The coding region of OvoA was split among a variable number of exons depending on the phylum, ranging from 10 (in monogonont rotifers, which have extremely compacted genomes [46]) to 21 (in Placozoa) (figure 3). Overall, in spite of several lineage-specific intron loss and intron gain events, common splicing sites were often conserved among largely divergent phyla (e.g. from Porifera to Chordata), consistently with the monophyletic origin of metazoan OvoA genes evidenced by the phylogenetic analysis (figure 1).
The only two exceptions to this general architecture were the genes of bdelloid rotifers and hydrozoans, previously identified as the likely product of HGT (see figures 1b,c and 2). Bdelloid rotifers (i.e.

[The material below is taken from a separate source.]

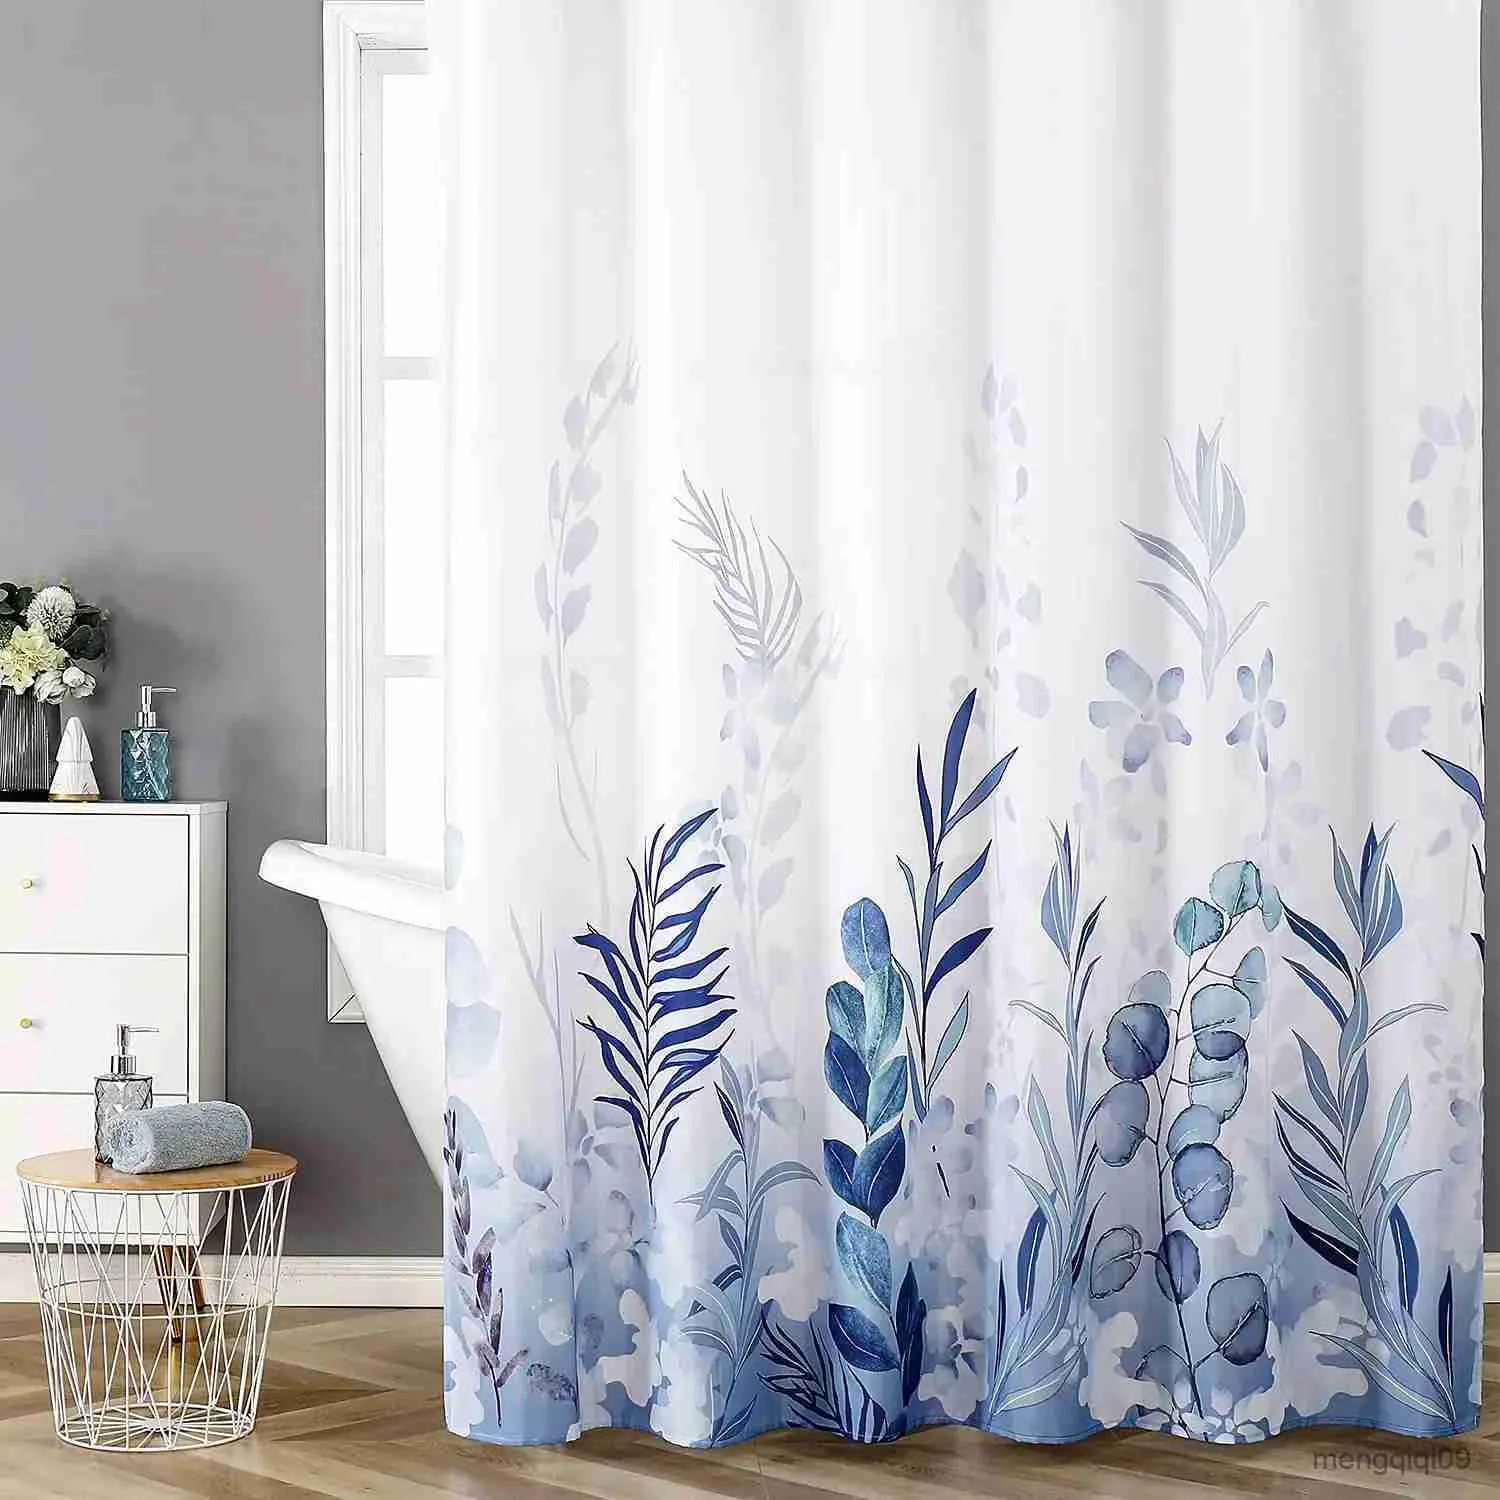 Cortinas de chuveiro azuis pedras de pedra em pano de banheiro branco conjuntos de cortinas de chuveiro com cortinas de chuveiro resistentes para decoração de banheiro R231101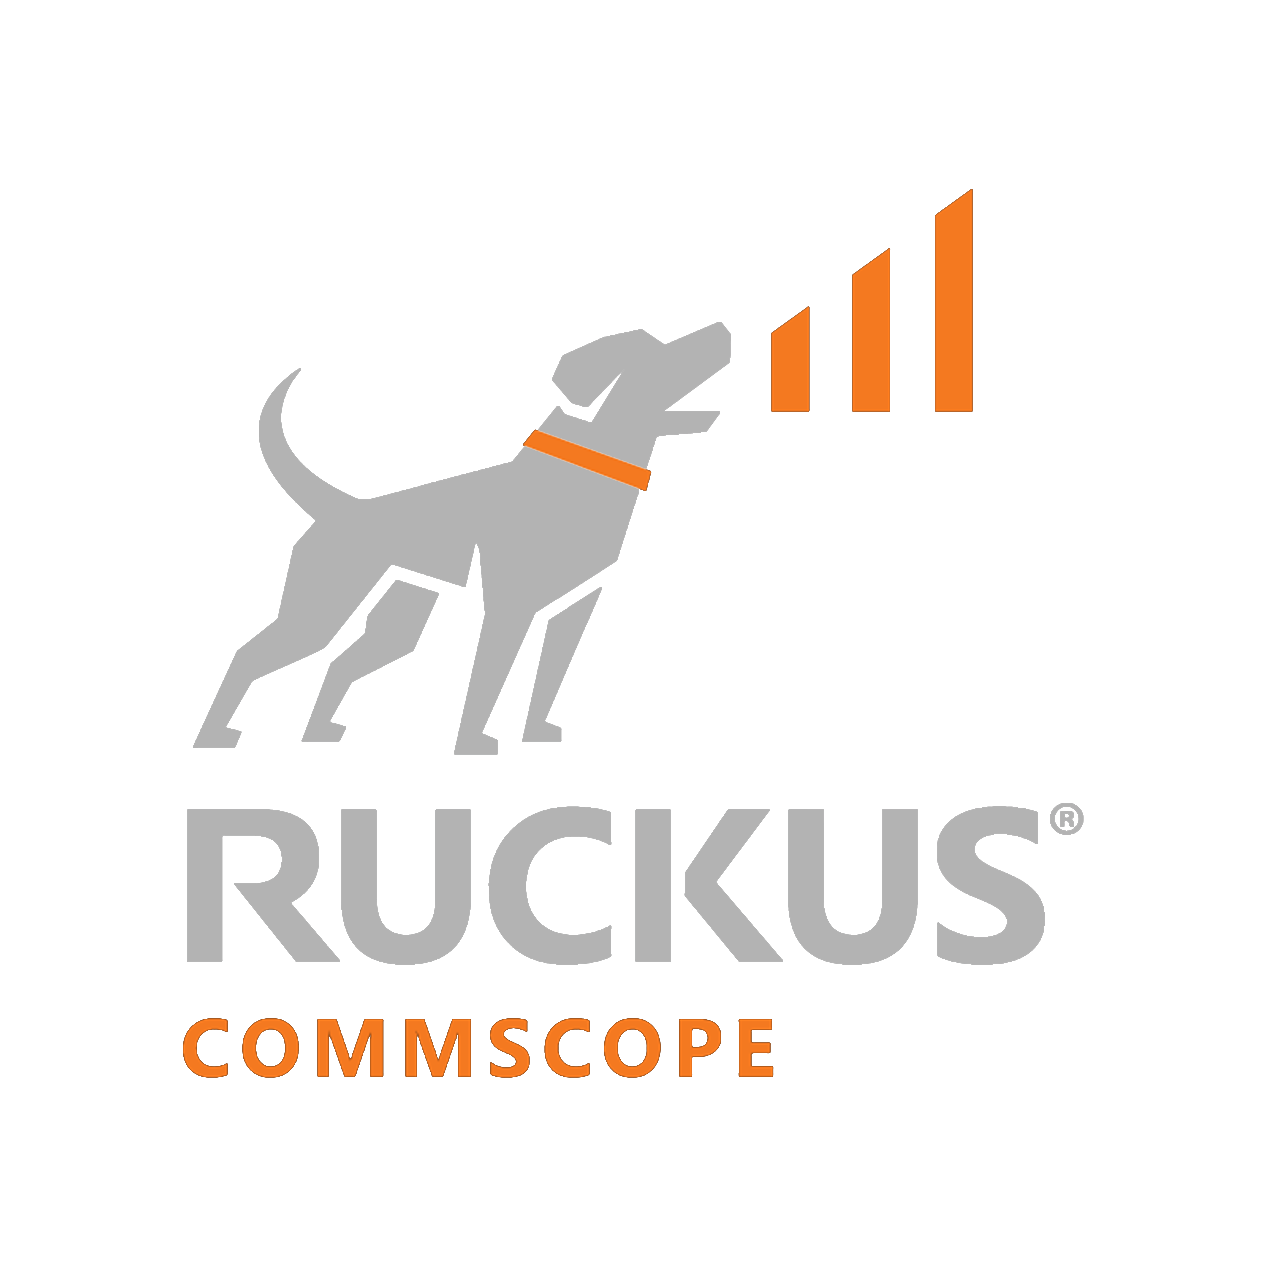 Ruckus Commscope

Adineta ssp. and Rotaria spp.) display intron-less genes (figure 3), encoding for OvoA proteins with a canonical size and domain organization. The observed lack of introns, a typical feature of prokaryotic genes, is consistent with the acquisition of nearly 8% of the bdelloid genes by HGT from bacteria in relatively recent times [47]. Hydrozoans, on the other hand, possess highly modified genes, with just five introns, placed in different locations compared to other animals (electronic supplementary material, figure S4). Moreover, the encoded protein contains a large additional N-terminal lyase domain, which is entirely encoded within the first large exon, which may have been recruited through the fusion with another pre-existing gene (see the following section).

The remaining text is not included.